Ok, ok… What is the opposite of “timeless”? This is that.
They were accruing an enormous database of knowledge about him. He knew it was happening. It was… a game he couldn’t resist, and every time he logged on, the attacks would get worse. They knew how to get to him. Part of him hated it. Part of him knew it was an addiction, but he liked it. When he played the game, he liked everything. There was no way to stop. The point of the game was simply to play the game.
Although everyone he knew was playing alongside him, he had grown further and further from them, minor contact with them nothing compared to the backdrop of commercialism.
Now it was wireless. He could play it from anywhere, and there was nothing quite like the soul-selling high he got every time he sent out a message his contacts.
The game was winning. It already had his information, and he could be sure that his phone number was being held in the limbo of virtual space until the corporate entity running the game decided that it was going to sell it.
Ficly for today. Surprise ending. Truckin’ away on the book. 60 pages now. Stay tuned to news on that this week.
The water was everywhere. On the walls, on the floor. Covering him.
She kicked and screamed between gulping gasping breaths while he held her down. She was fighting hard. Pushing, she groped for the edge of the tub, trying to keep away from the water, knocking his hands aside.
What were the neighbors going to think?
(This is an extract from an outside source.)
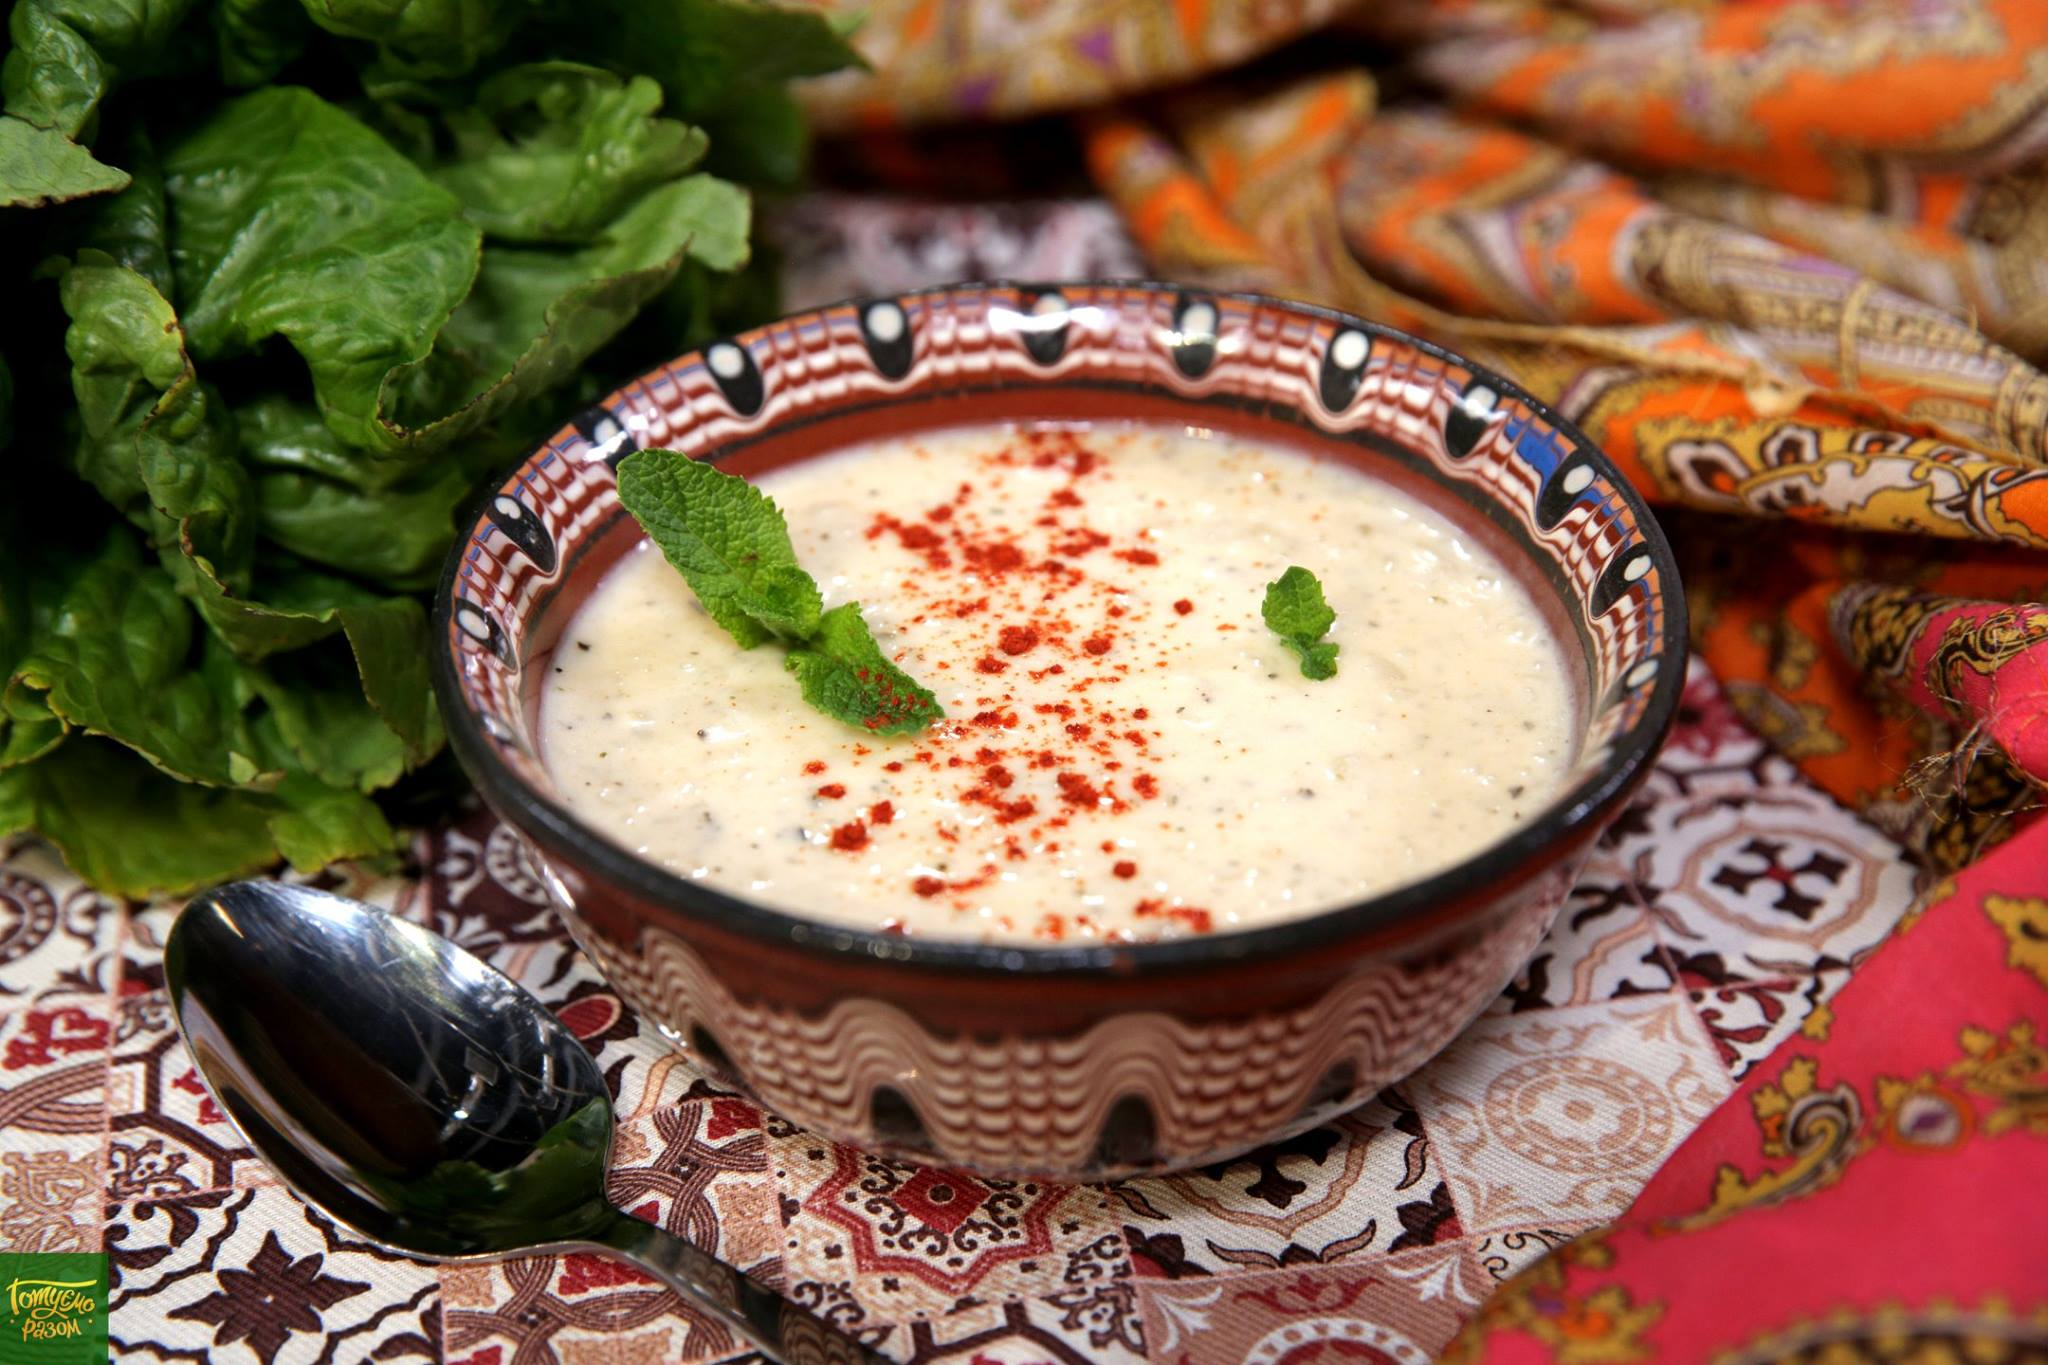 Турецкий йогуртовый суп Яйла Чорбасы (Yayla çorbası)

He wanted to shut her up for just a second, so no one called the cops, god forbid.
She was crying now, yelling at him to let go, but where would she have gone? She had no one else. This was the end of the road.
Two-year-old Jenny Anghers was going to take her bath and like it.
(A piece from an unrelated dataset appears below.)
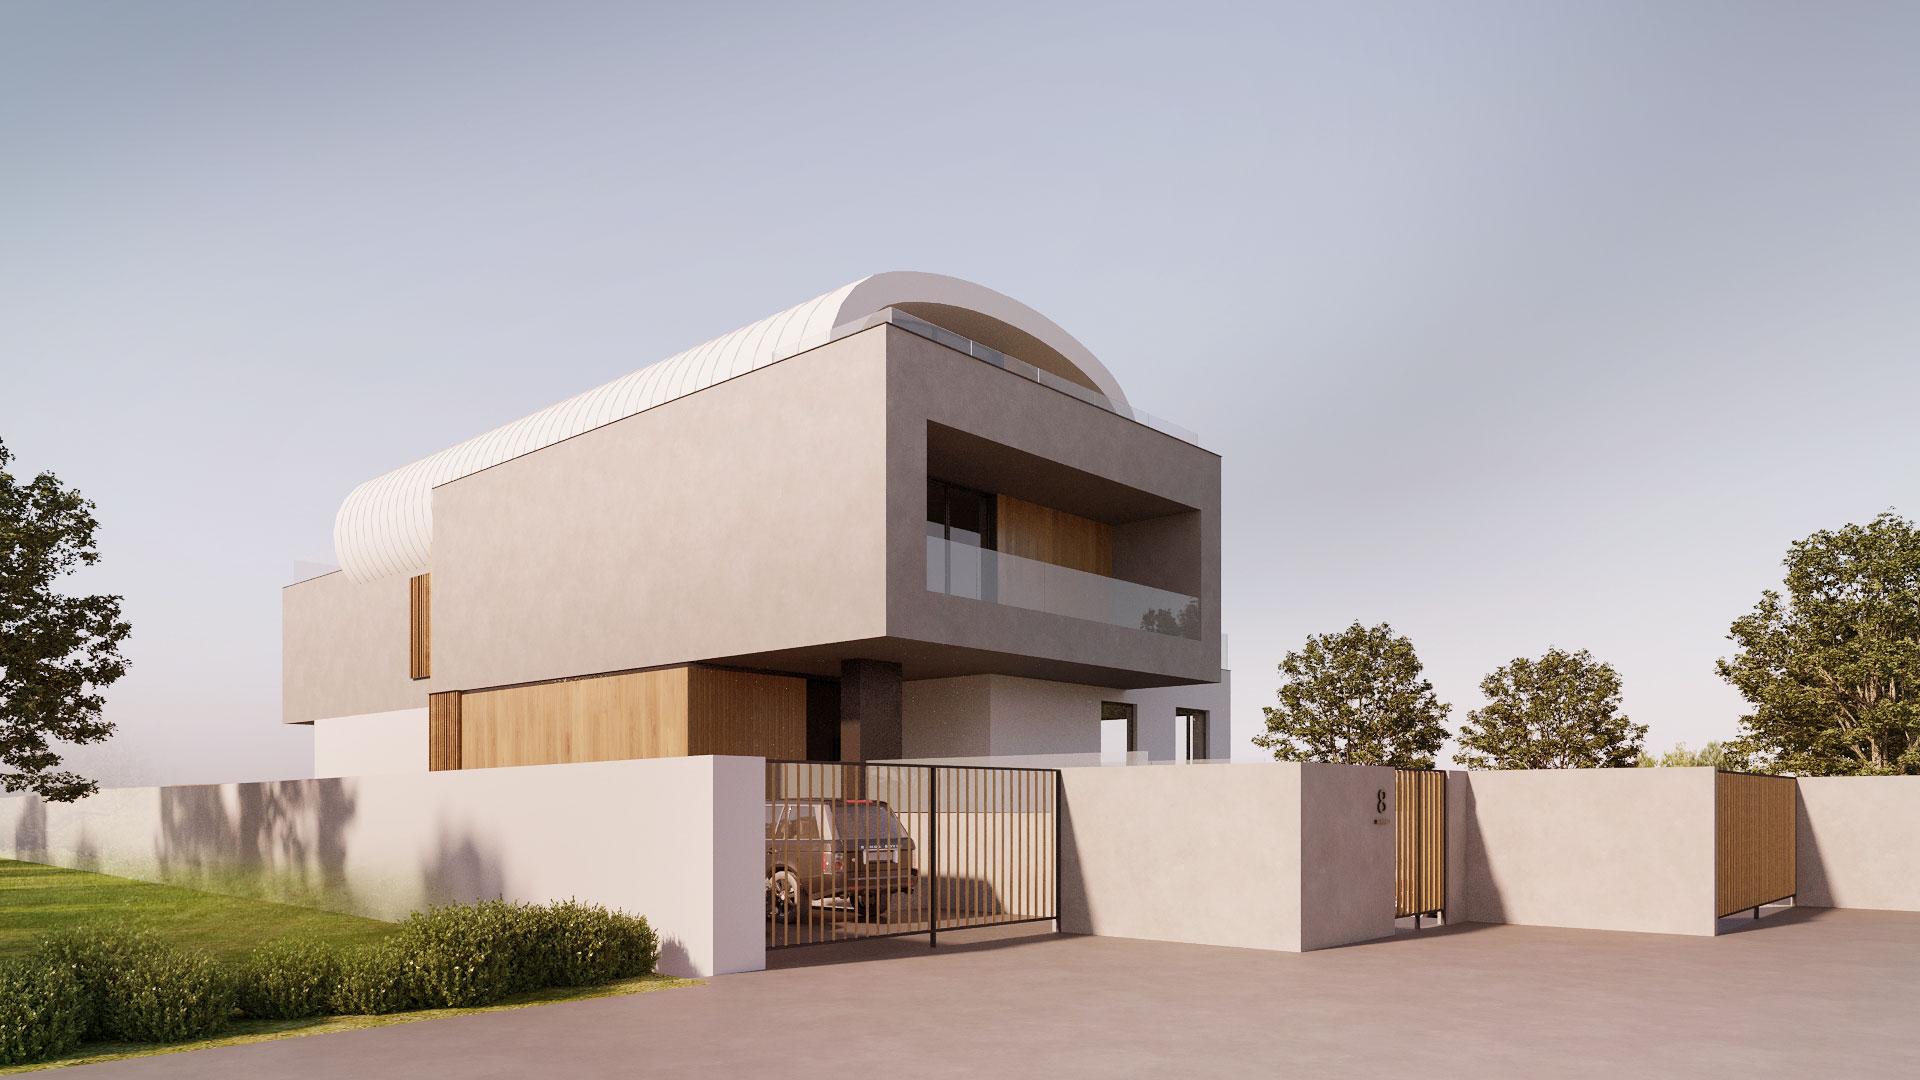 https://nbc-arhitect.ro/wp-content/uploads/2020/10/NBC-Arhitect-_-residences-_-Mogo-Villa-2-_-Romania-_-exterior-view_6.jpg

Today’s Ficly! My plan is to write a bunch, and then put them up on ficly all at once in a week or two in order to get some attention.
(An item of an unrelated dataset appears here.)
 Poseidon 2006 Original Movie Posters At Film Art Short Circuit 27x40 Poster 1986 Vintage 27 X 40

The snow outside was the heaviest I’d seen in a long while. It was still coming down when I’d finally cleared the driveway for the second time, and I was getting worried. I didn’t really have the steam to keep going out there and plowing away. For a few hours I sat inside and watched as my hard work disappeared under the white blanket.
At least the fire was nice, and I had wood stacked up in my shed just outside the back door.
It also occurred to me that I really didn’t have anywhere to put the snow if I did go back out to shovel; eight foot high piles lined the driveway. My daughter came in and crouched by the fire in her pajamas, staring into its burning heart. That was the solution.
In hindsight, running out in my underwear with an aerosol-can-and-zippo-lighter makeshift flame thrower while screaming and laughing as the flames licked the frozen crystals may have damaged my relationship with my neighbors more permanently than I had anticipated.
The following is inspired by every English paper I’ve ever written:
Waldo’s struggle is not an uncommon one. Born a clone in a temporally devolving dimension, as detailed in Martin Handford’s final scene of “The Great Waldo Search”, Waldo is faced with several issues. First, due to the fact that he is of a race of genetically identical beings, he faces the very real possibility of extinction each and every day. Note that his race would not have had the potential to evolve whatsoever, were it not for their unstable reality, which forces them in purely random directions through time and space at entirely random intervals (this is documented). Few Waldo’s are believed to remain in their homeland, the vast majority having unintentionally evacuated the premises, finding themselves amidst the turmoil of underground Medieval battles, clashes between factions of pre-industrial Japan, or worse, the beaches of New Jersey.
In making the protagonist of his series a rag-tag adventurer with a plastic smile, Handford criticizes both America’s increasing superficiality, and it’s pointless attempt to be as well dressed as Waldo himself. Handford makes a great effort in his work to detail how incredibly futile the American Dream is, while at the same time acknowledging the difficulties faced by other cultures all throughout history. In doing so, he indicates how preposterous it is that we should be concerned with wealth, when history has proven again and again that the looming threat of utter destruction at any moment at the hand of the Unfriendly Giants, is a very real one. While other authors of children’s books tend to prevaricate, and dance around the issue, Handford goes straight for the jugular, arguing that it is best to explain the nature of existence to children early, and the difficulties therein, rather than tease them with false promises of a world in which they will not have to face danger and greed.